In August 2012, Correa filed a complaint before the National Court of Justice, accusing Jiménez and the others of slander (injuria calumniosa). Under article 494 of Ecuador’s criminal code, those who “make a judicial accusation, or present a complaint, that is not proven during a trial” are subject to prison sentences of up to three years. In this case, a judge pre-emptively dismissed the allegations filed by Jiménez and the others without the trial required by Ecuadorian law.
Under Ecuadorian law, before a court can criminally prosecute a legislator, the National Assembly must lift the legislator’s parliamentary immunity. However, in this case the National Court of Justice decided that because Jiménez’s actions were unrelated to his official duties, it did not need to seek the Assembly’s permission to prosecute him, and proceeded with the criminal case even though his immunity had not been revoked.

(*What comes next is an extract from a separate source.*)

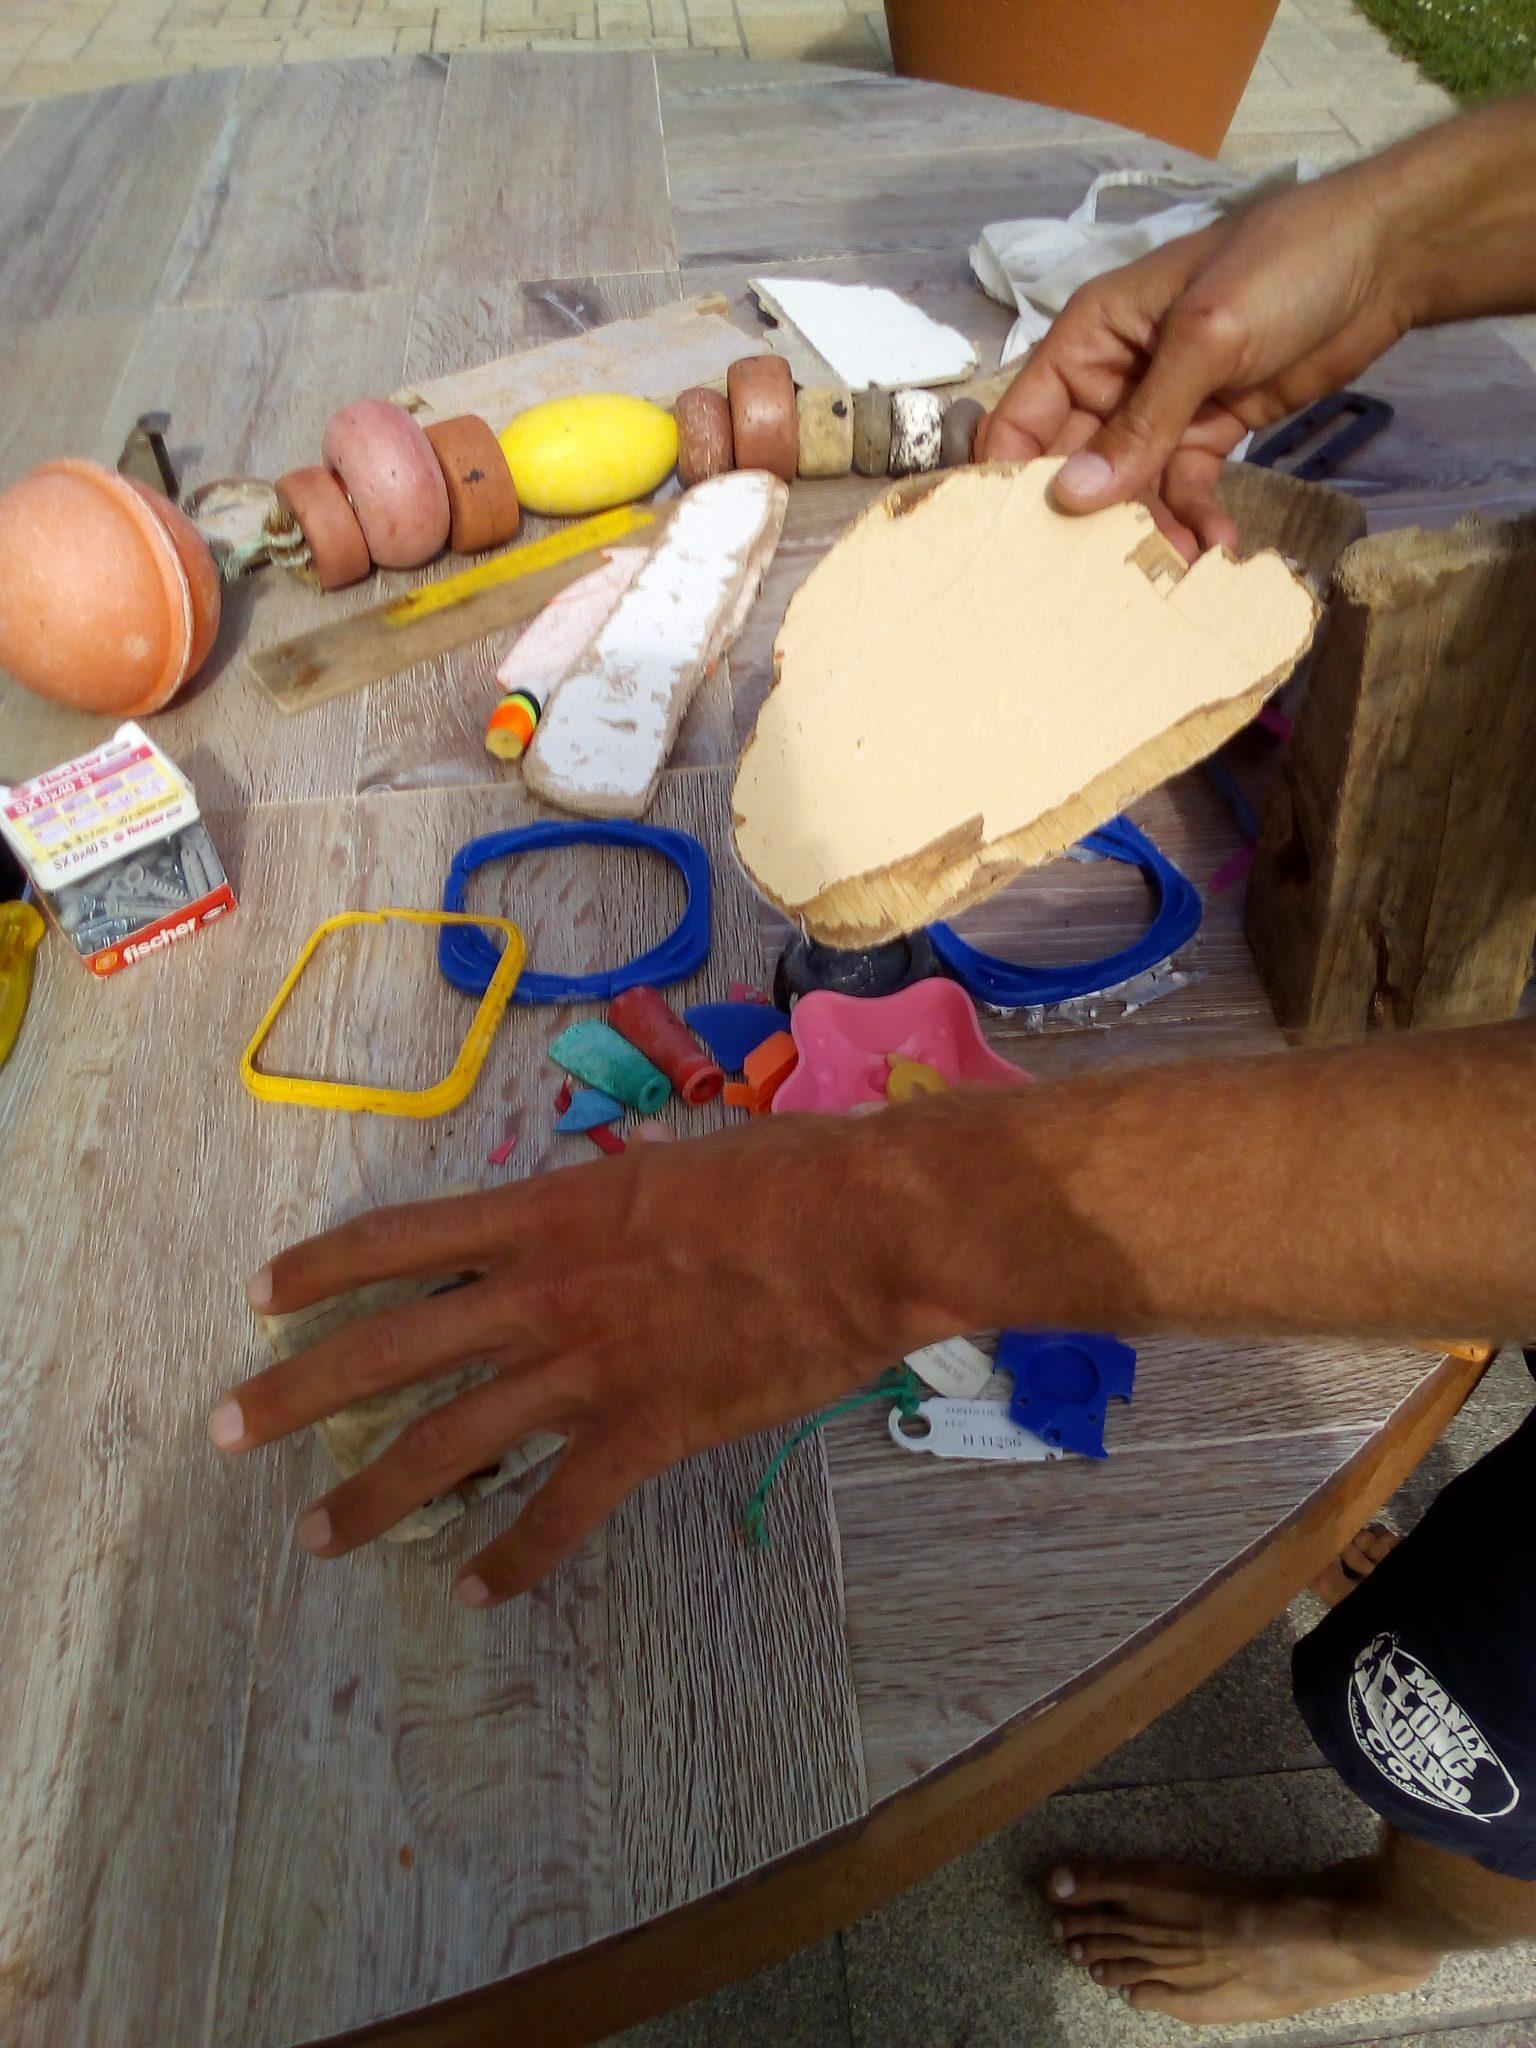 Dann sortiert er Holzplanken und Plastikteile.

Human Rights Watch opposes all criminal defamation laws as a disproportionate and unnecessary response to the need to protect reputations, and they chill freedom of expression.
A proposal to reform the Ecuadorian Criminal Code, which is currently under debate in the National Assembly, would eliminate several defamation provisions from the current code. However, under the proposed reform, “the person who, by any means, falsely accuses another of committing a crime, will be sanctioned with prison sentences of six months to two years.”

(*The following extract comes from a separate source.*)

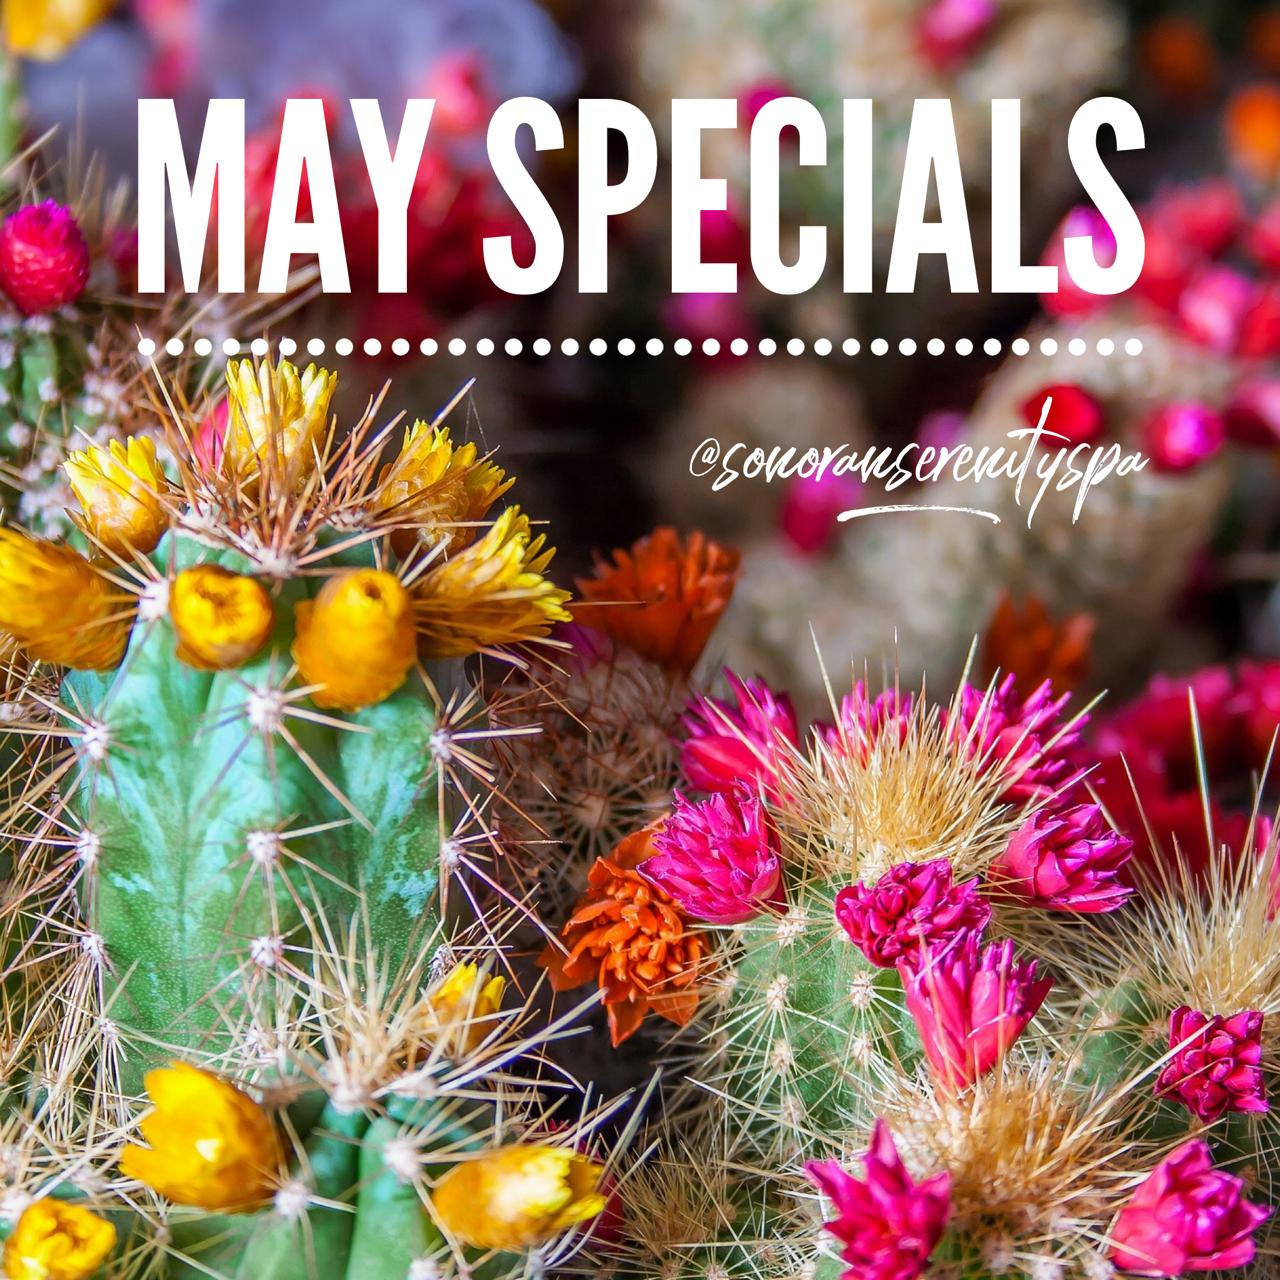 mayspecials.PNG

The president of the assembly’s Justice Commission, in describing the proposal, said that, “the individual who falsely accuses someone of committing a crime can be sanctioned in general terms… One person can undermine the right of another one through a radio, through TV, in public, in social gatherings, [or] through social networks.”
Ecuador is party to the American Convention on Human Rights and the International Covenant on Civil and Political Rights, which protect the right to free expression. In the interest of promoting the vibrant public debate necessary in a democratic society, international human rights bodies have long criticized the use of criminal defamation laws, particularly in response to allegations involving public officials.
The Principles on Freedom of Expression adopted by the Inter-American Commission on Human Rights in 2000 assert that protection of the reputation of public officials should be guaranteed only by civil sanctions, and not criminal ones.
The Inter-American Court of Human Rights has held that public officials “who have voluntarily exposed themselves to greater public scrutiny are subject to greater risks of being criticized, since their activities are … part of the public debate.” The honor of public officials or public people must be legally protected, the court says, but that must be balanced “in accordance with principles of democratic pluralism.” The use of criminal proceedings for defamation should be limited to cases of “extreme gravity” as a “truly exceptional measure” where its “absolute necessity” has been demonstrated, and that in any such case the burden of proof must rest with the accuser, according to the court.
The Ecuadorian Constitution states that rights protected under international law, such as the right to freedom of expression, are directly enforceable by the courts. By setting aside these convictions, the National Court of Justice would be ruling in accordance with Ecuador’s international human rights commitments, Human Rights Watch said.